§ EXERCISE: From the line with "Aktovka s přihrádkami" down to the final line of the material, please transcribe everything exactly, but leave the pictures out.

§ DATA PROVIDED:
________________

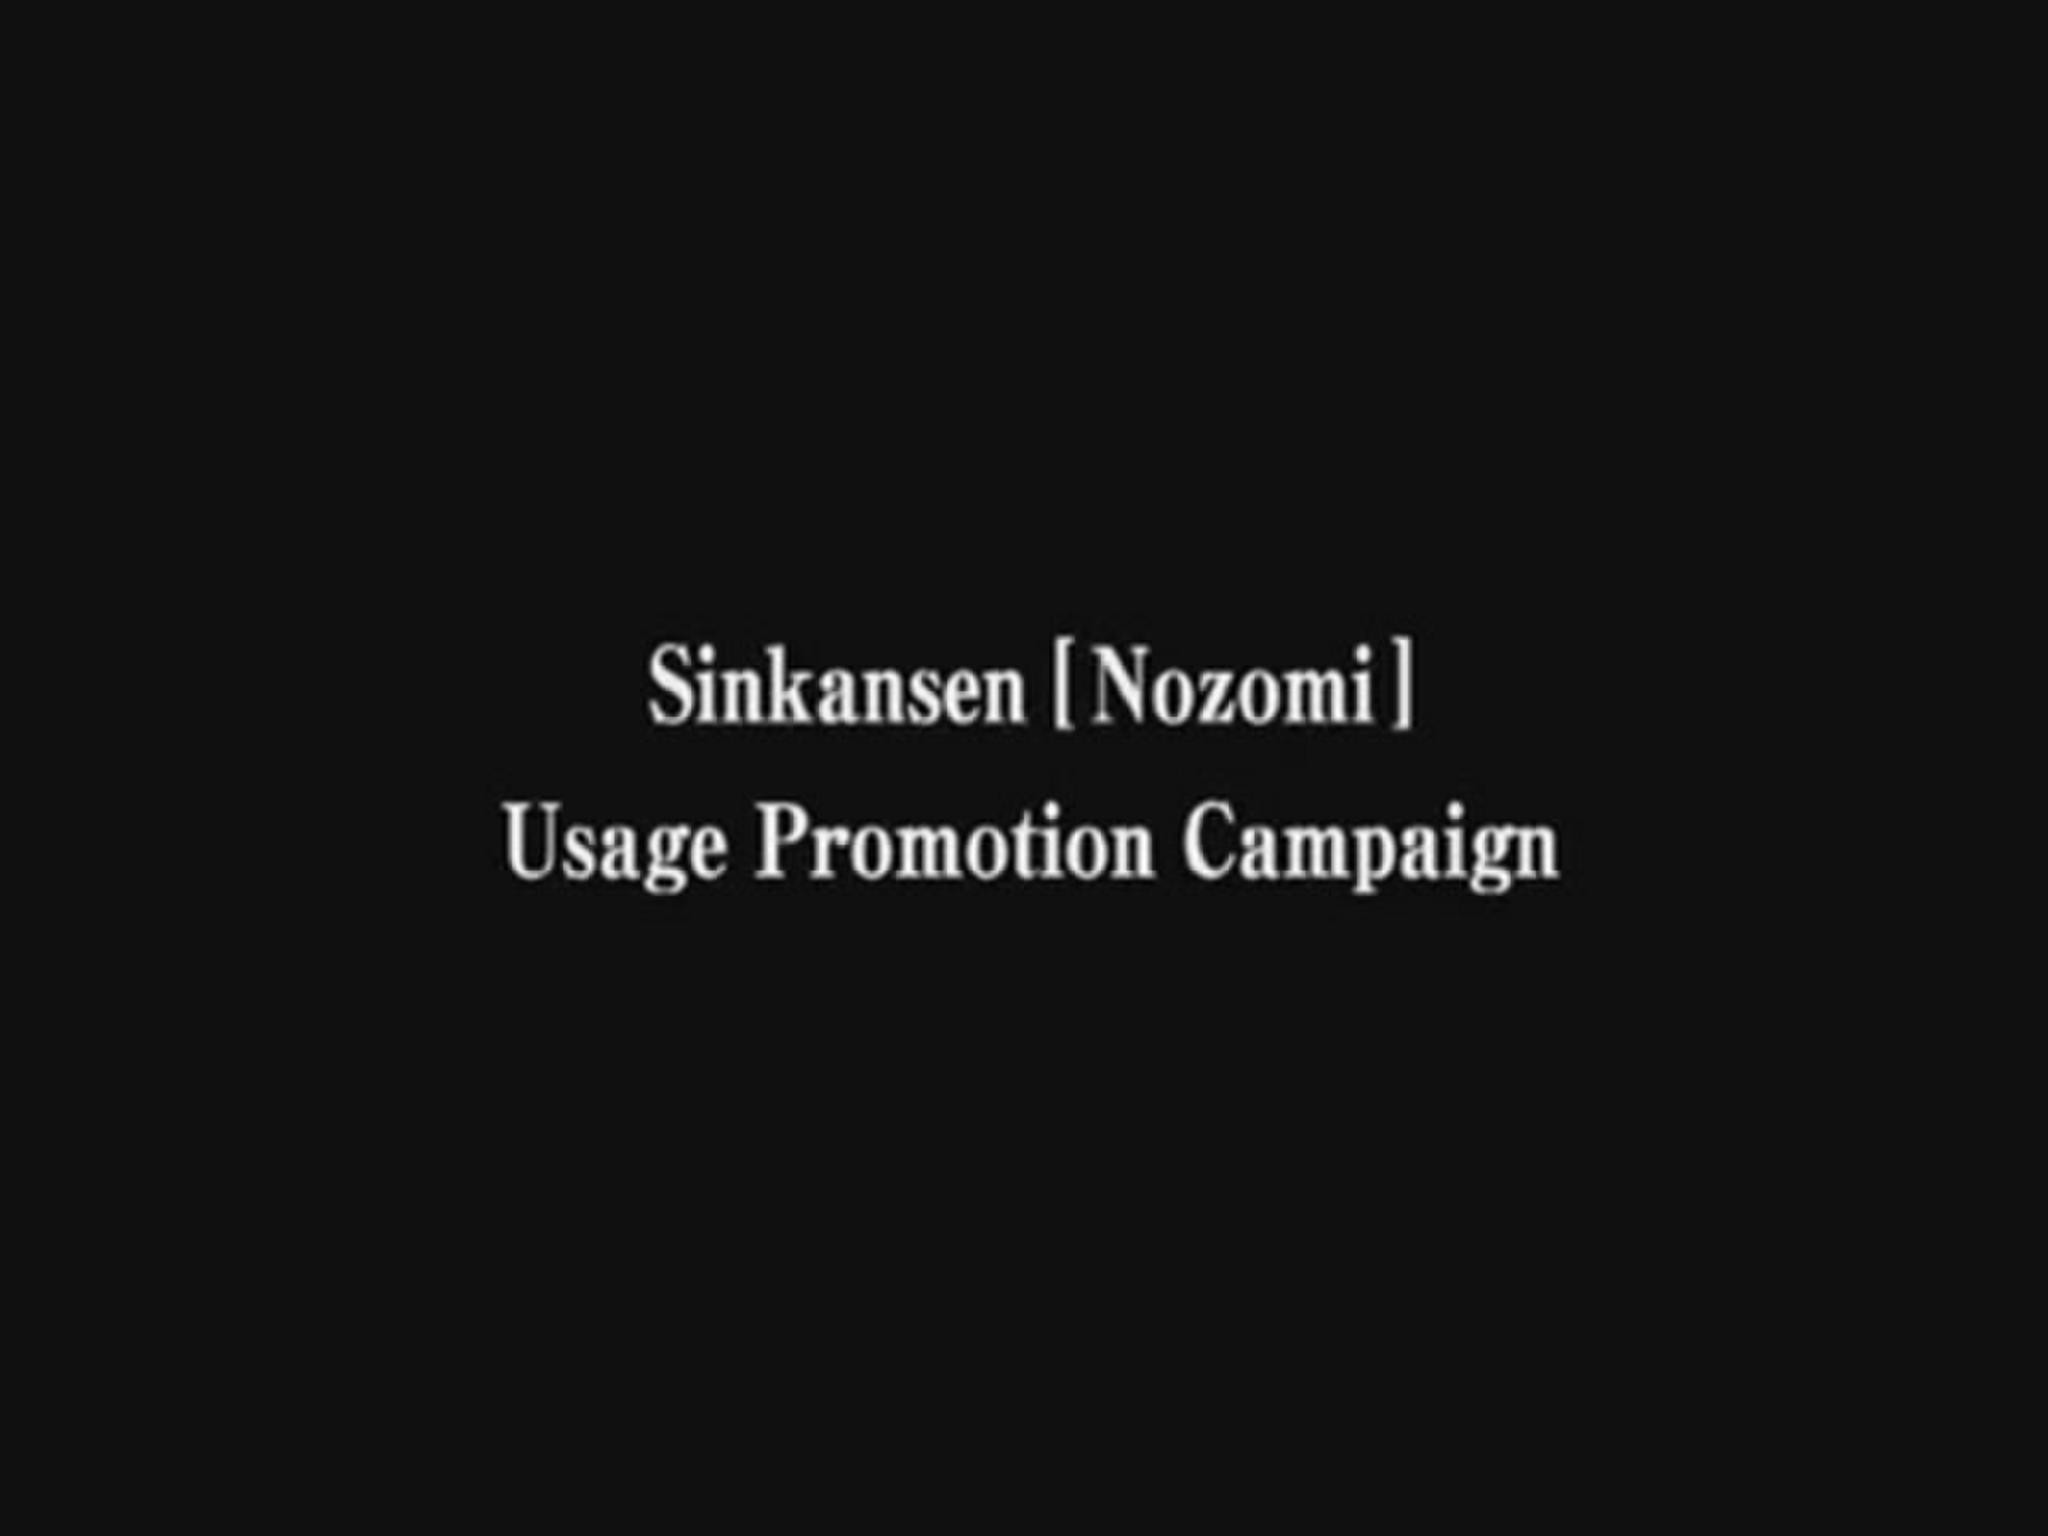 SHINKANSEN (BULLET TRAIN) 'NOZOMI'
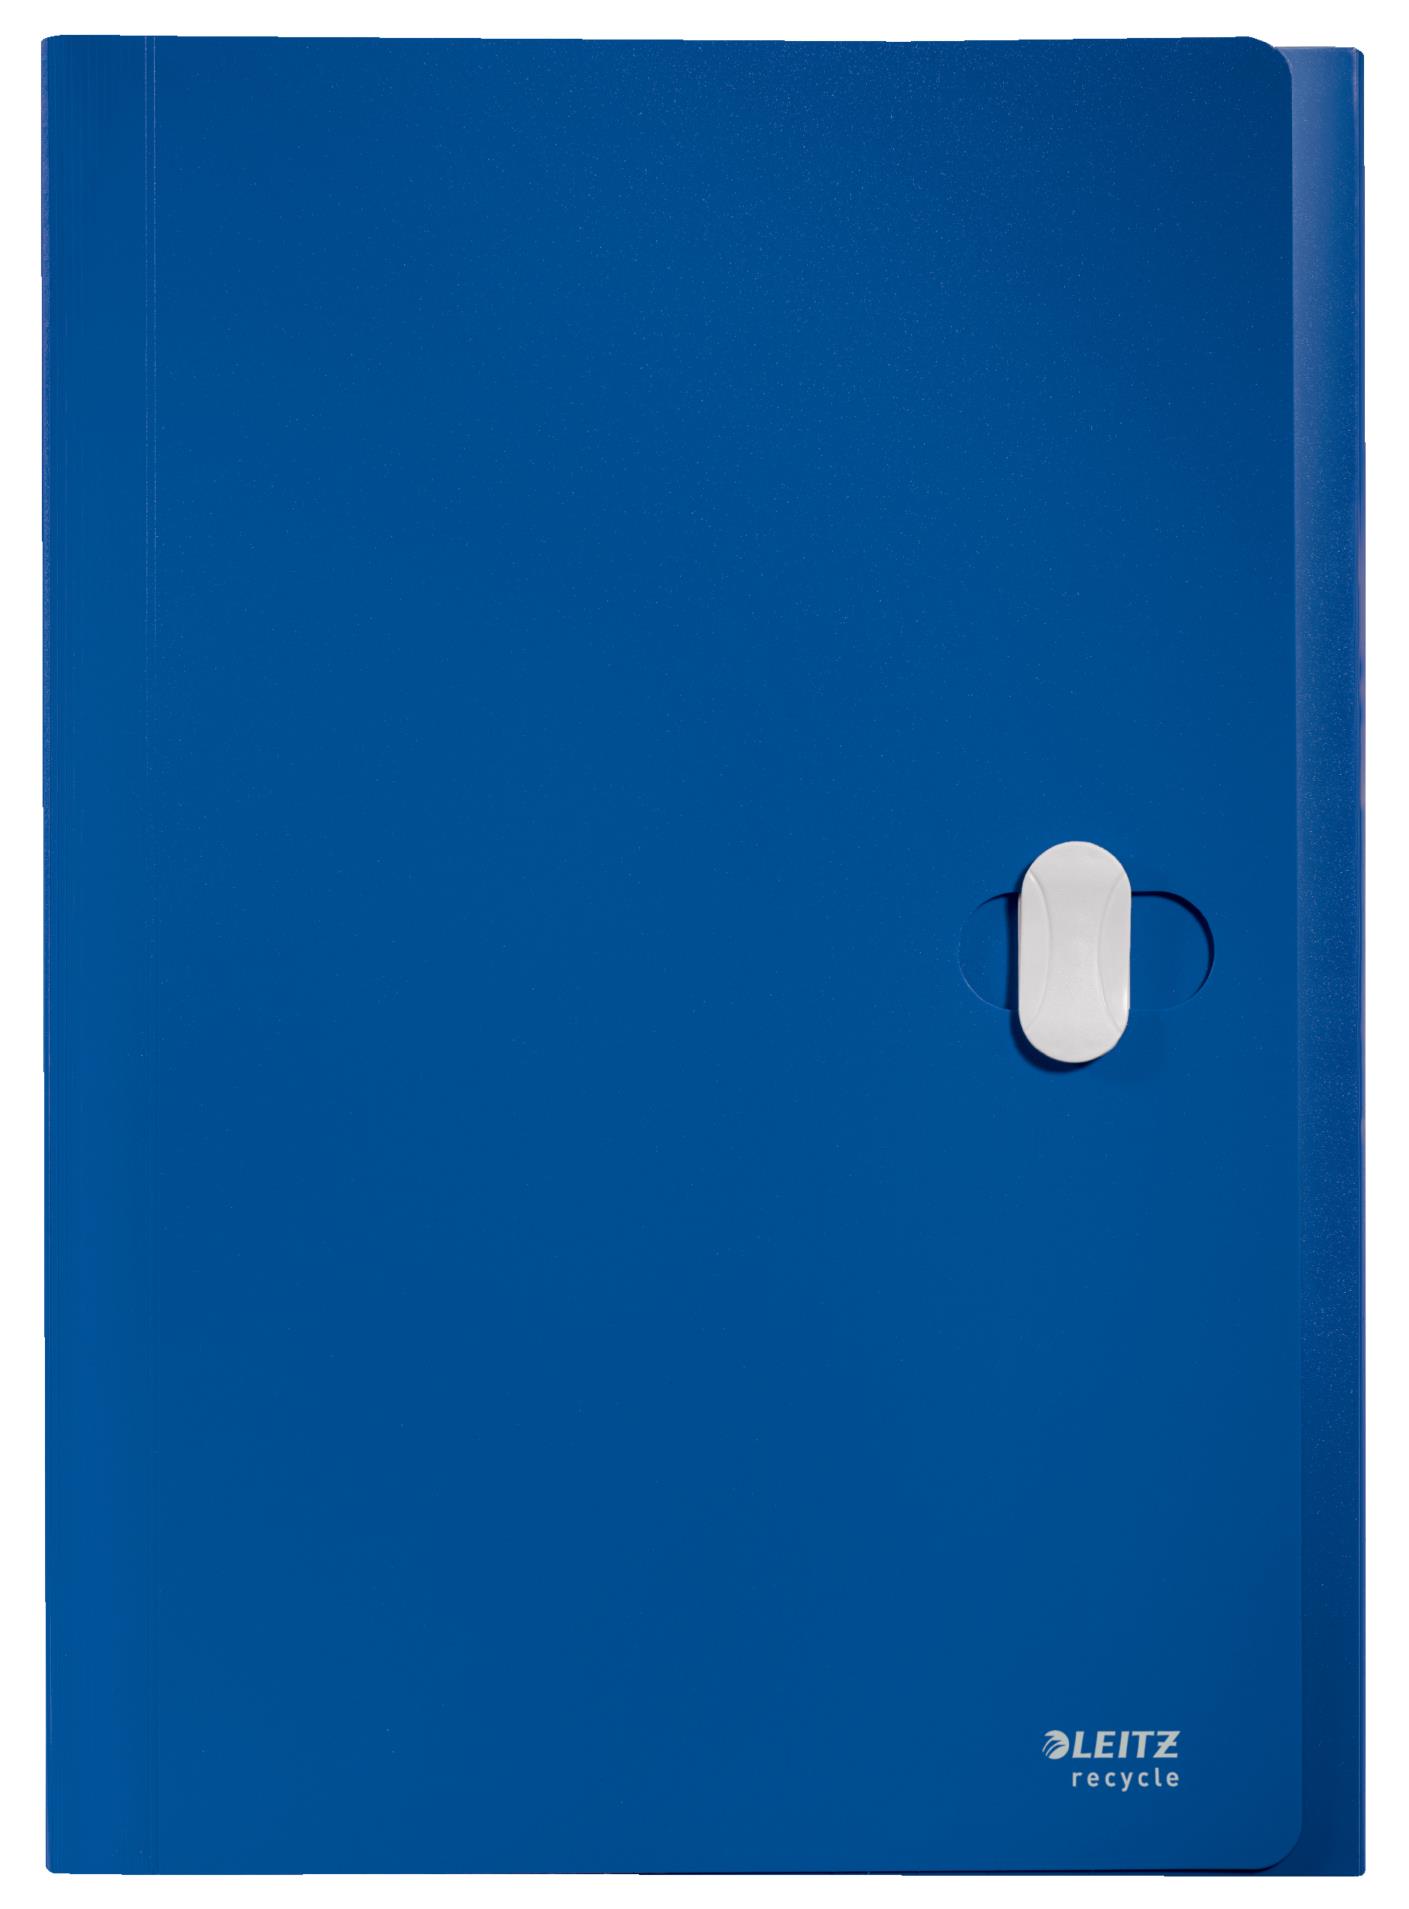 Aktovka s přihrádkami Leitz RECYCLE - A4, ekologická, 5 přihrádek, modrá
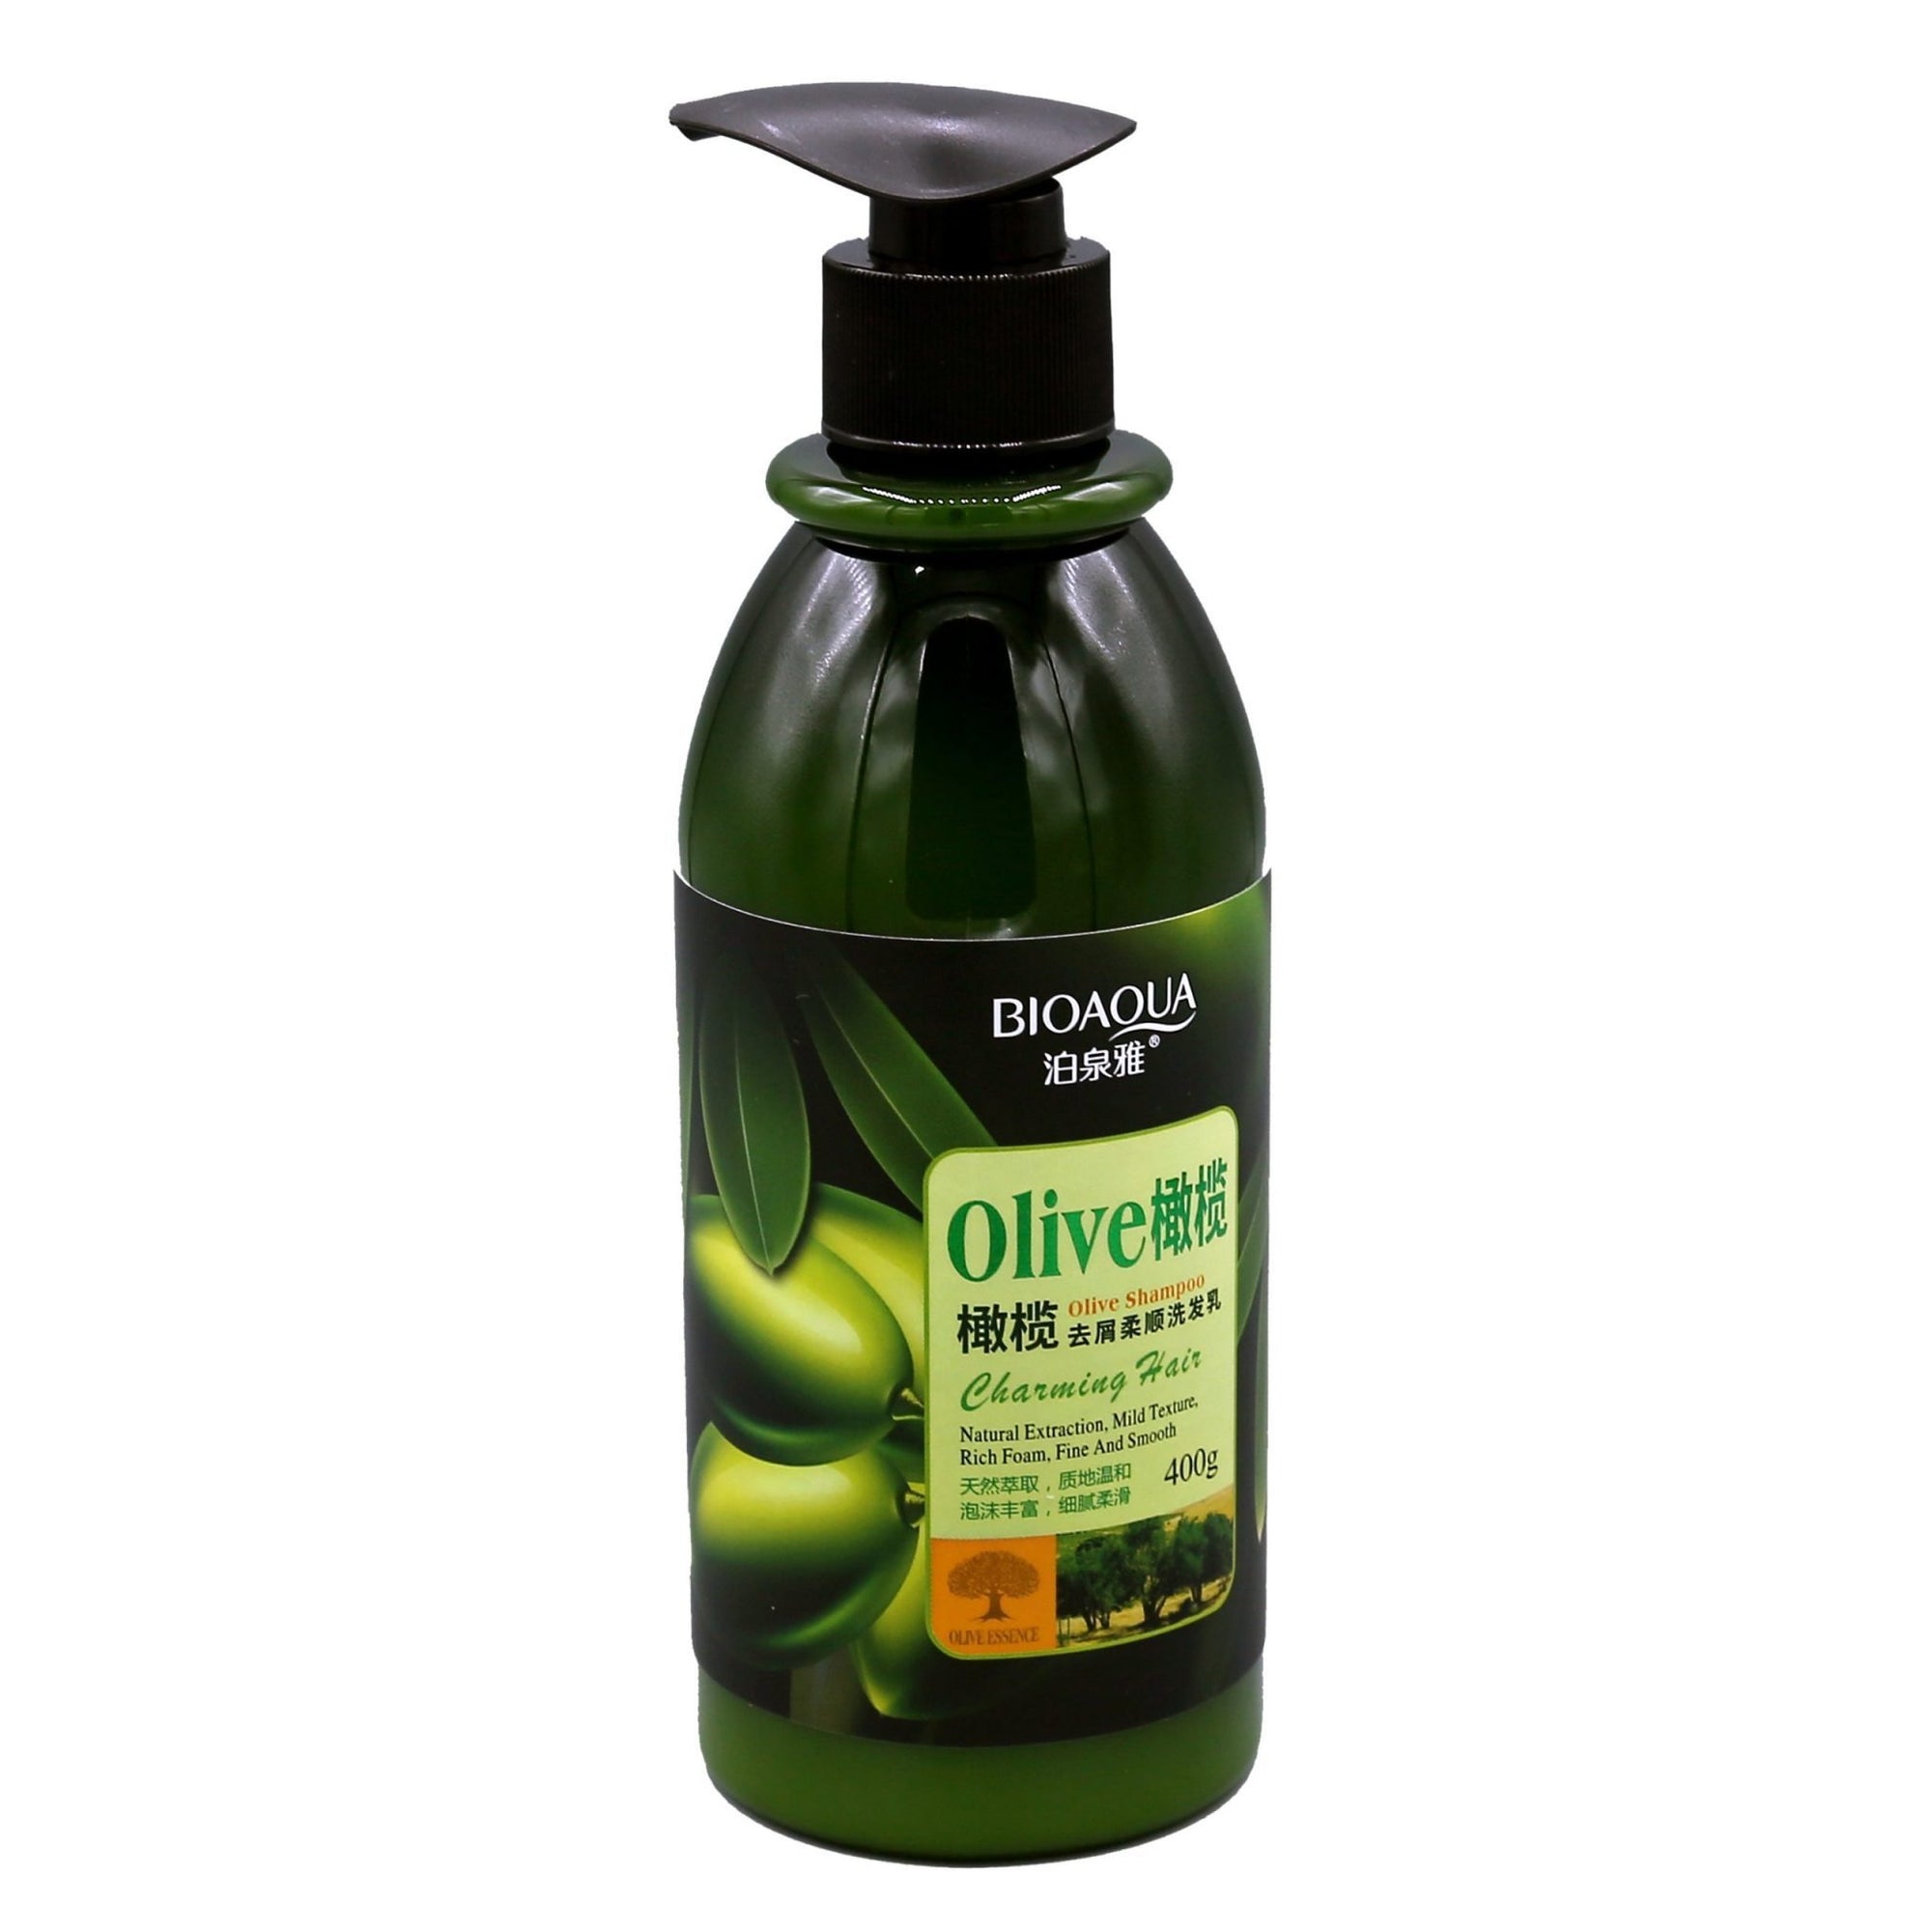 Bio Aqua Olive Shampoo Charming Hair 400g freeshipping - lasertag.pk

________________

§ WRITTEN SOLUTION:
 Aktovka s přihrádkami Leitz RECYCLE - A4, ekologická, 5 přihrádek, modrá
 Bio Aqua Olive Shampoo Charming Hair 400g freeshipping - lasertag.pk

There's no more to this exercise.